Zarif singles chronology
| "Let Me Back" (2009) | "Box of Secrets" (2010) | "Over" (2011) |

= Box of Secrets (song) =

"Box of Secrets" is the second single by singer/songwriter Zarif and the second single taken from her debut album Box of Secrets. The song contains samples from the song "Sing, Sing, Sing" by Louis Prima and the commercial single version contains a rap from Mz Bratt.

==Background==
"Box of Secrets" originally featured on an advert for Sky1 in 2009 and later was released as a free download for a limited time period. In 2010, it was released as the second single from Zarif's debut album, also titled Box of Secrets on 16 August 2010, following her departure from RCA / Sony BMG. It will be released on her own label, Bright Pink Records. The single and video version of the song features a new rap by British MC Mz Bratt.

==Promotion==
Zarif performed "Box of Secrets" on GMTV in 2009.

==Music video==
The music video for "Box of Secrets" premiered on 2 June 2010 on Zarif's YouTube account. The video was directed by Andy Hylton and Mz Bratt features in the video.

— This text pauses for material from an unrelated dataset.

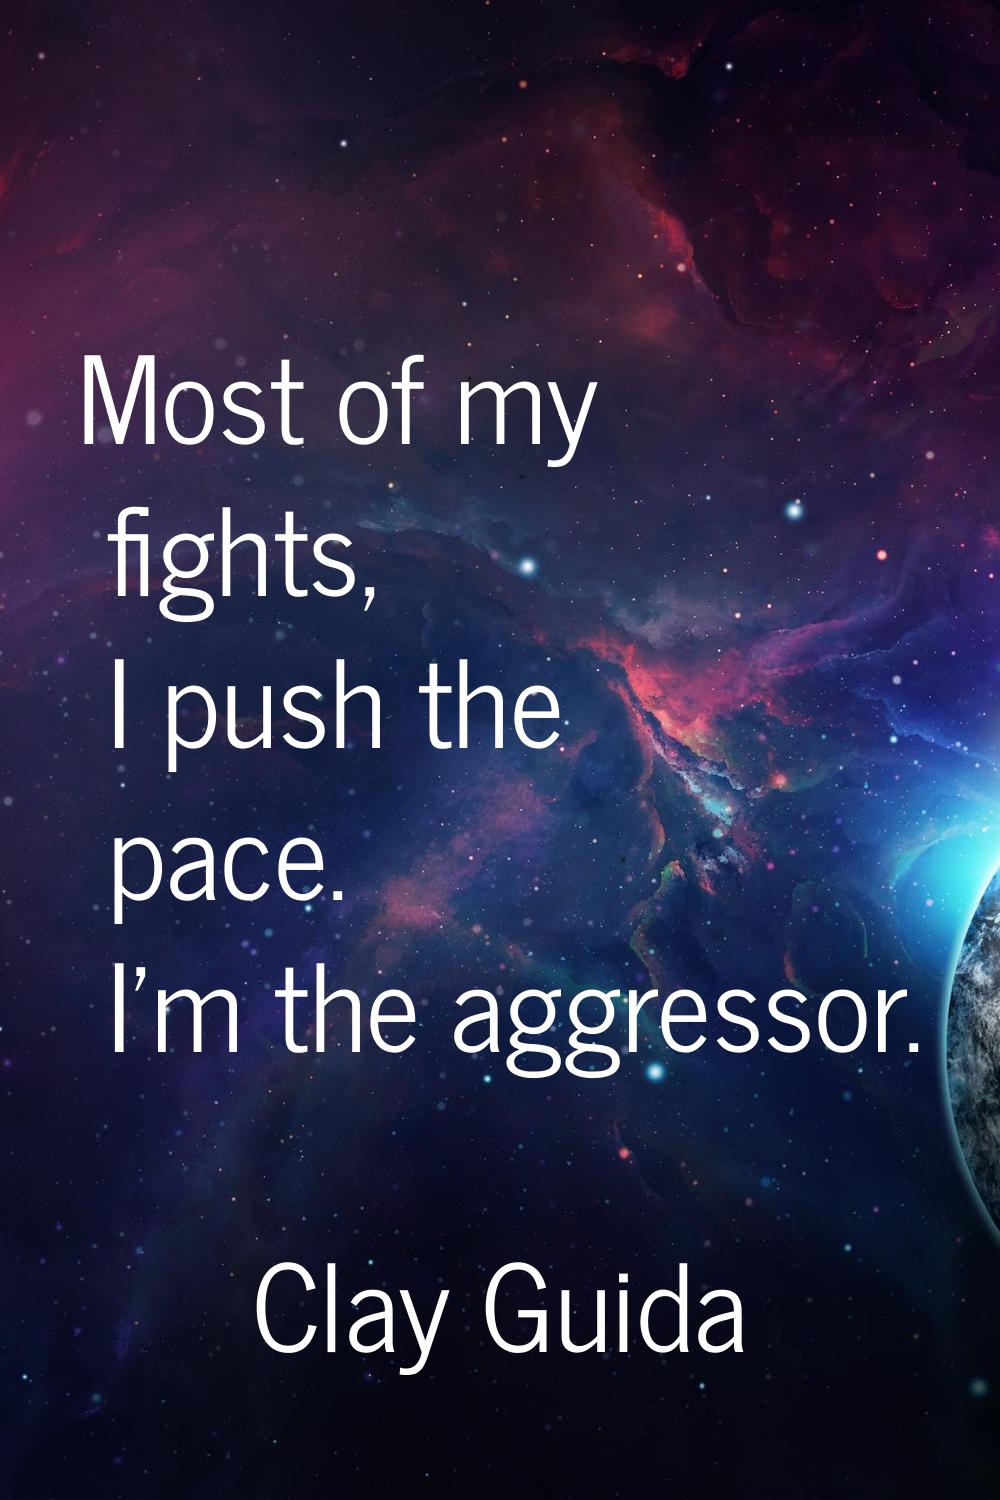 Most of my fights, I push the pace. I'm the aggressor.

The video features Zarif walking into a photo booth, which transports her to several 1920s Jazz age scapes.

==Track listings==

- Digital download
1. "Box of Secrets" (featuring Mz Bratt) (Radio Edit) - 3:42
2. "Box of Secrets" (Original Mix) - 3:42
3. "Box of Secrets" (Redlight Remix) - 3:31
4. "Box of Secrets" (Cyantific & Wilkinson Remix) - 5:24
5. "Box of Secrets" (Midland Remix) - 6:51
6. "Box of Secrets" (Ripper Remix) - 5:36

==Reviews==
- The Guardian - "a vaudevillian big band extravaganza"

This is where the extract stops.